I understand the mission of the habitat based orgs like DU, Delta, PF, etc. They and other do outstanding work. What I don't understand is that they are unwilling to join a push for the North American Model of Wildlife Management--the public trust. If we as sportsmen are to simply raise more wildlife for the use by fewer people, exclusive use, then I can't buy into that mission. There is a better place for my time and money. I wonder sometimes if they are more afraid of offending large donors and losing membership and money, than they are afraid of watching the public trust wither on the vine.


----------



## target (Aug 10, 2006)

Posted: Thu Aug 10, 2006 12:15 pm Post subject:

--------------------------------------------------------------------------------
Dick,

I understand your feelings and thoughts, and I agree with your ideas for the public trust. However, I believe that would hinder their efforts. There are too many recreational buyers, much more then in the past. As much as I dont like to see people buying there private hunting grounds, these are the people that are putting there land into easements, restoring the land, and enhancing the habitat. With most of this land bein put into an easement, it will always be this way. Meaning in years to come when this landowner is gone the habitat remains.

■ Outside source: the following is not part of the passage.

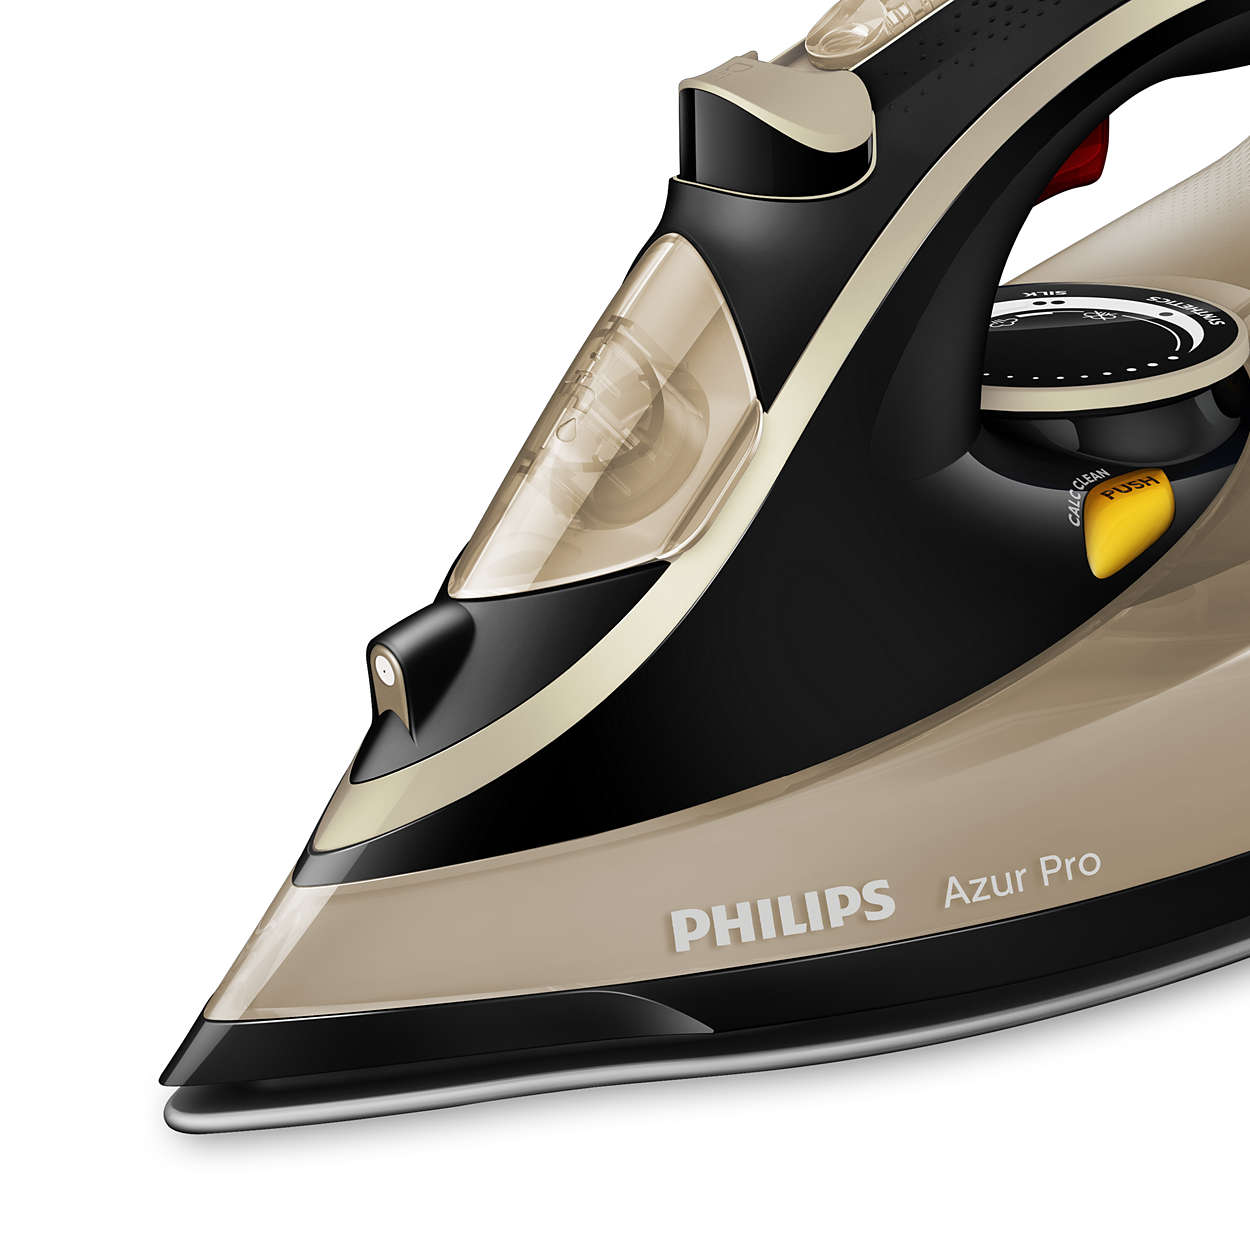 Утюг philips dst7050 70 azur. Утюг Philips Azur Pro 3000w. Philips gc4887/30 Azur Pro. Утюг Филипс Азур. Утюг Филипс Azur Pro 4885.

These organizations work closely with the state departments and are advocates for access programs like PLOTS. Organizations like the ones you listed I believe do their work with the people in mind. Especially the migratory bird orgs. their conservation work on a private landowners land effects his hunting land but it also has an overall effect throughout the flyway. The saving of grasslands in the Dakota's on private or public land has an extreme effect throughout the whole flyway and beyond. So I just think they have the whole picture in mind of conservation.


----------